Source data:
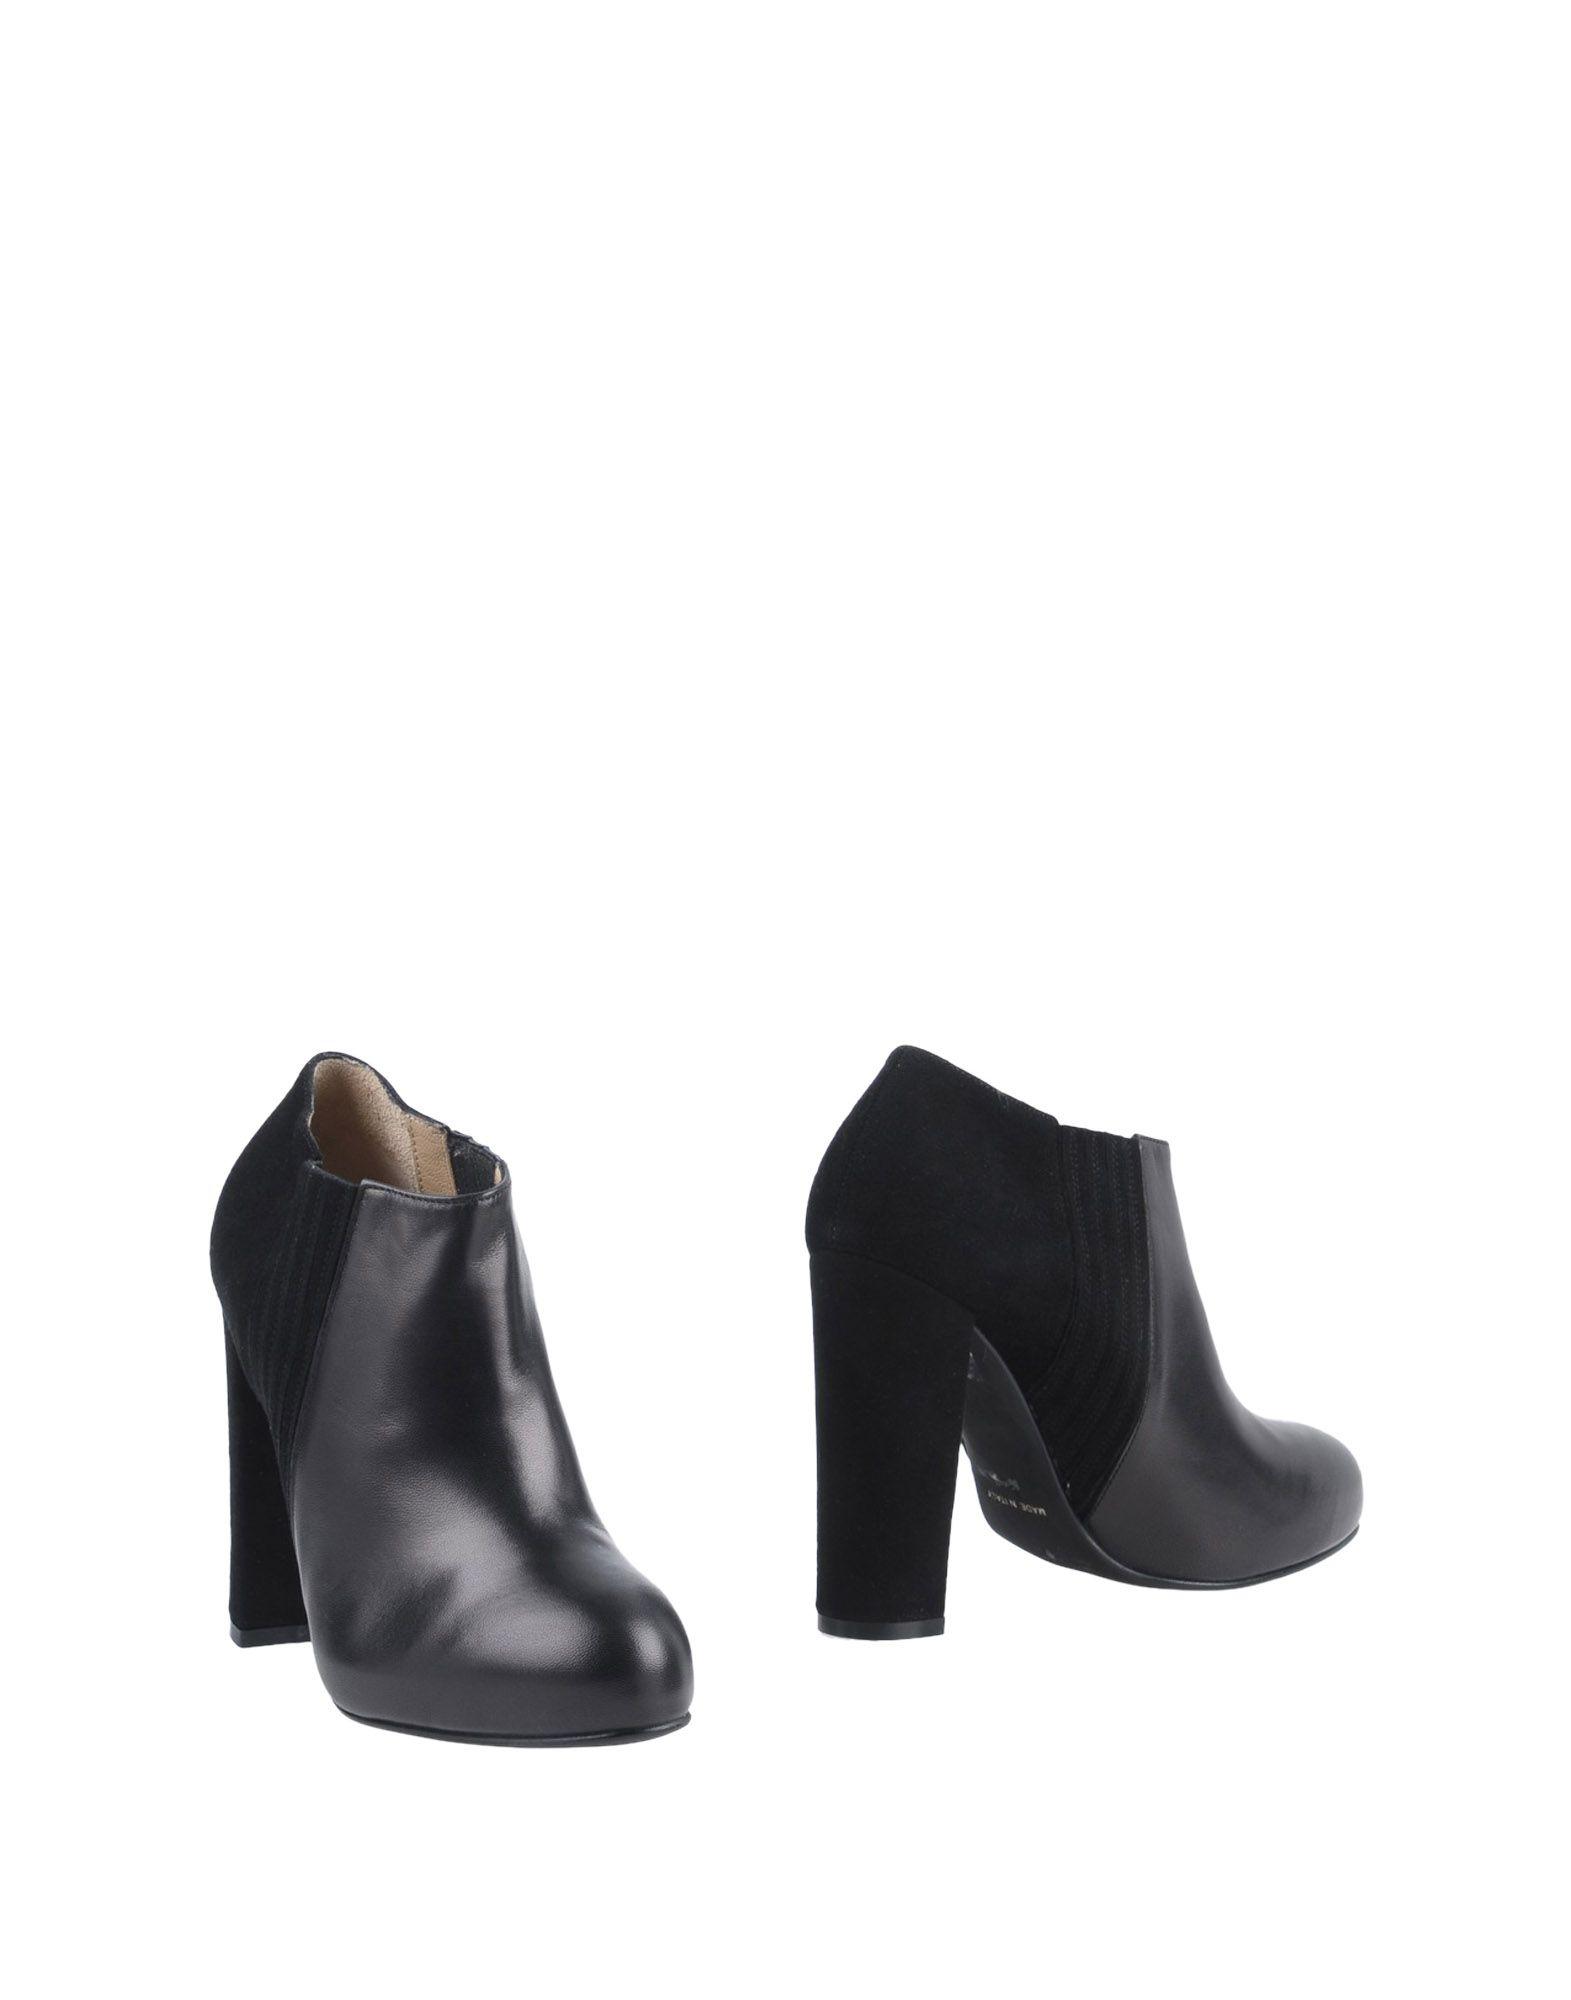 Stele Damen Stiefelette Damen Stele  11317858RJ Gute Qualität beliebte Schuhe 7d9a8c
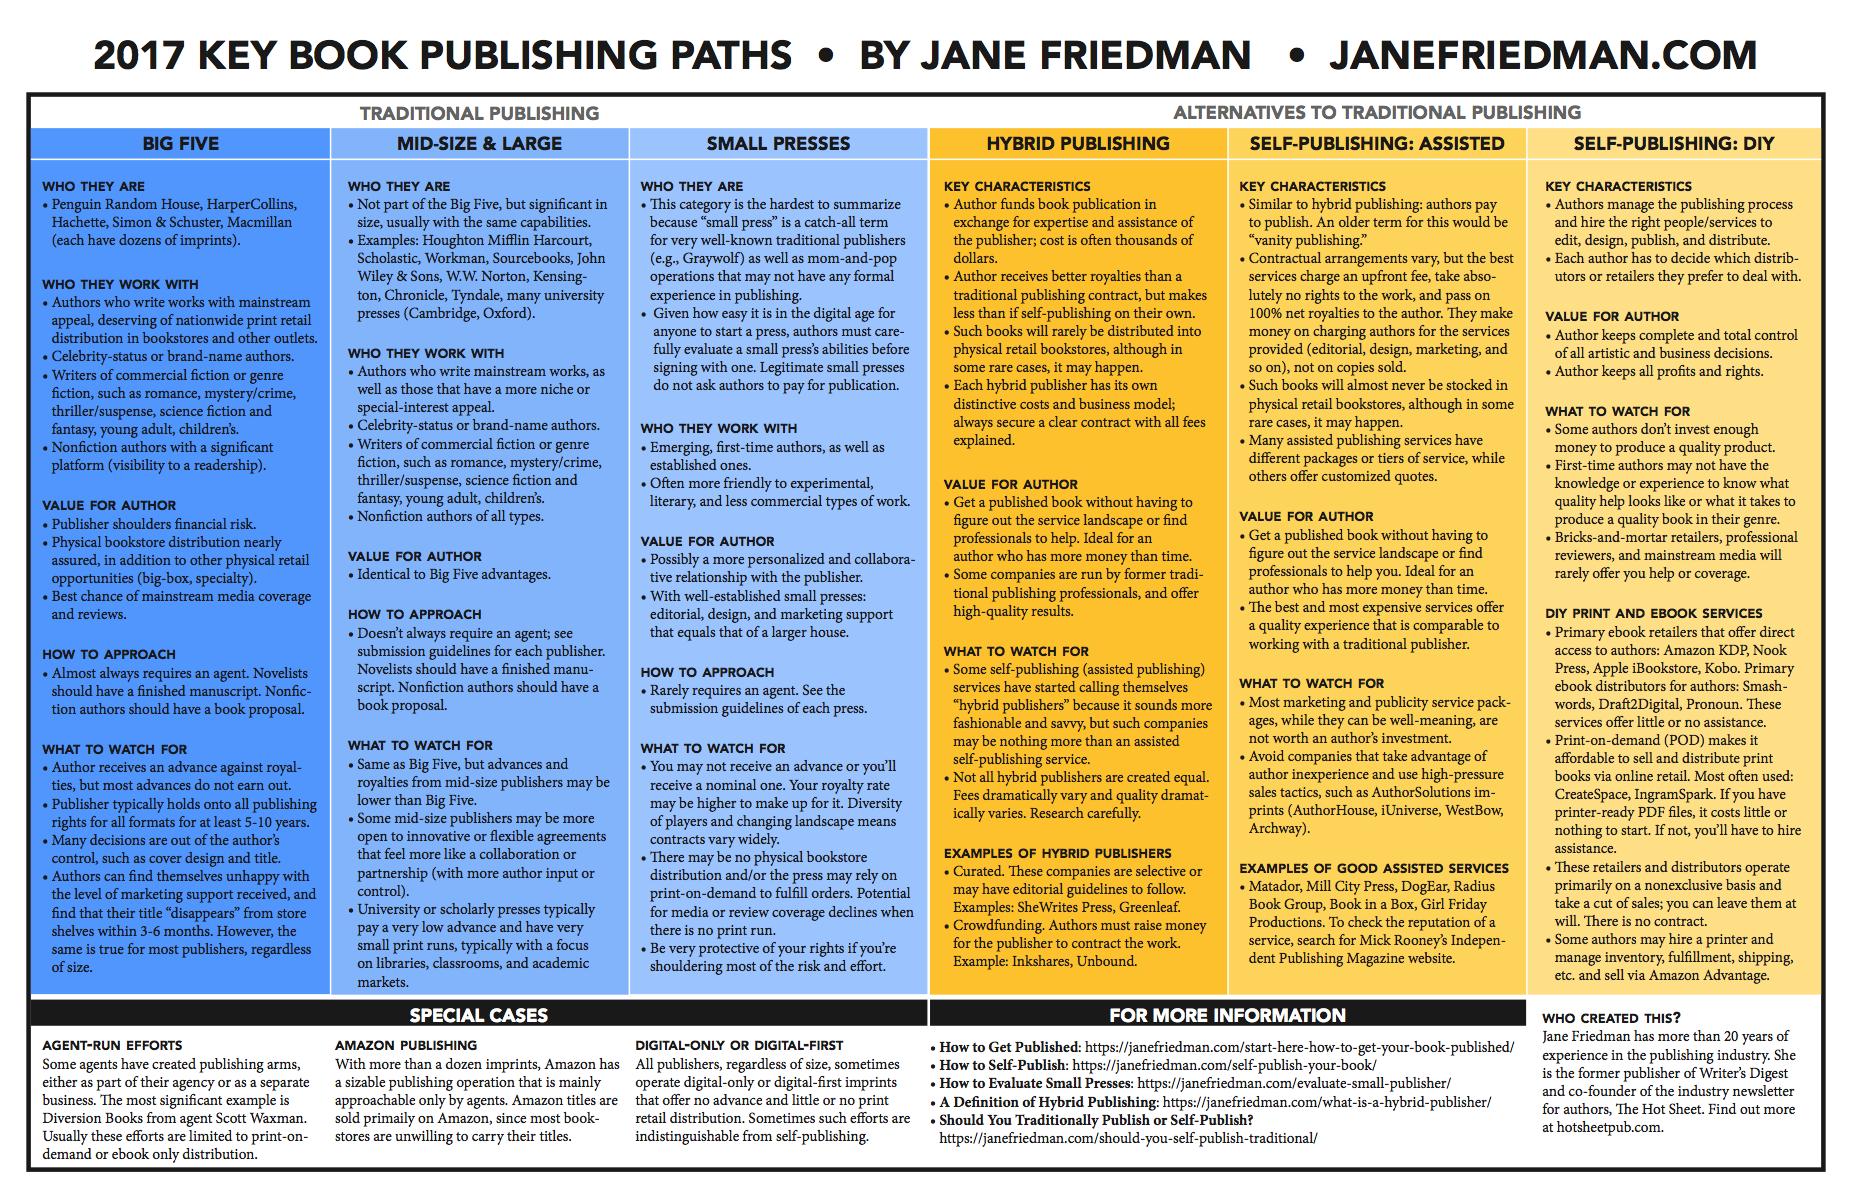 Elegant Jane Friedman
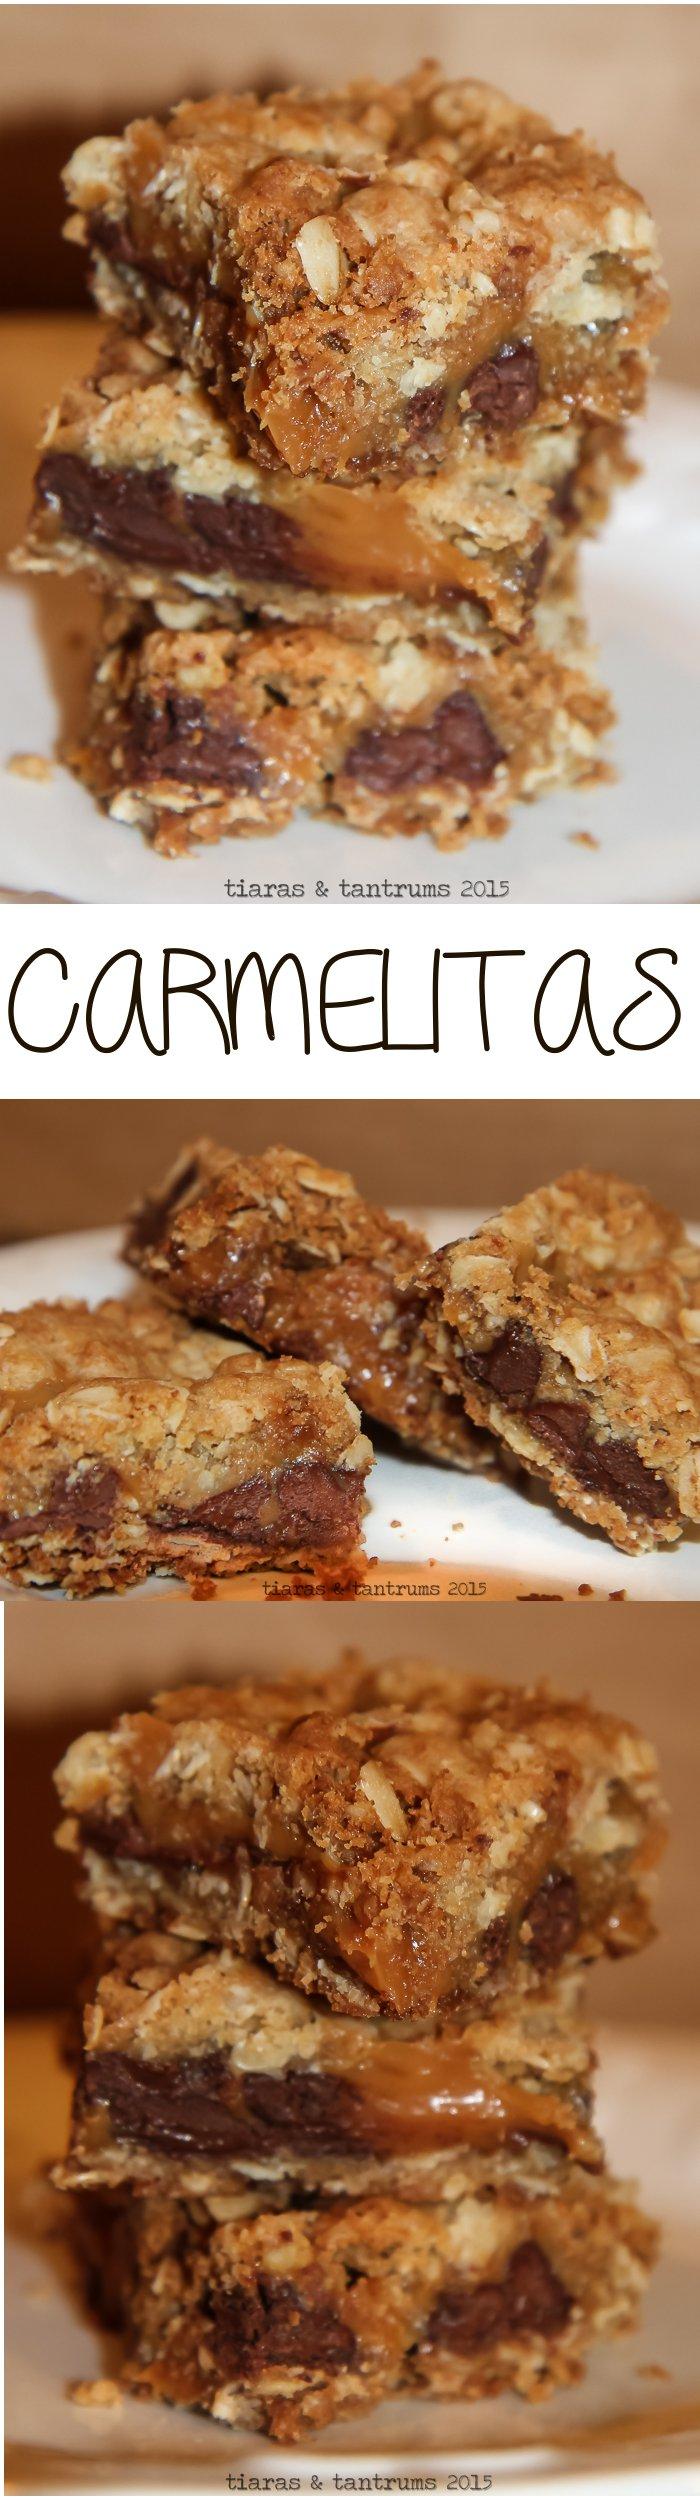 Chocolate Caramel Oatmeal Bars AKA: Carmelitas

What the exercise asks:
The full text of the data above, exact and without pictures, is what to return.

Answer for the task:
 Stele Damen Stiefelette Damen Stele  11317858RJ Gute Qualität beliebte Schuhe 7d9a8c
 Elegant Jane Friedman
 Chocolate Caramel Oatmeal Bars AKA: Carmelitas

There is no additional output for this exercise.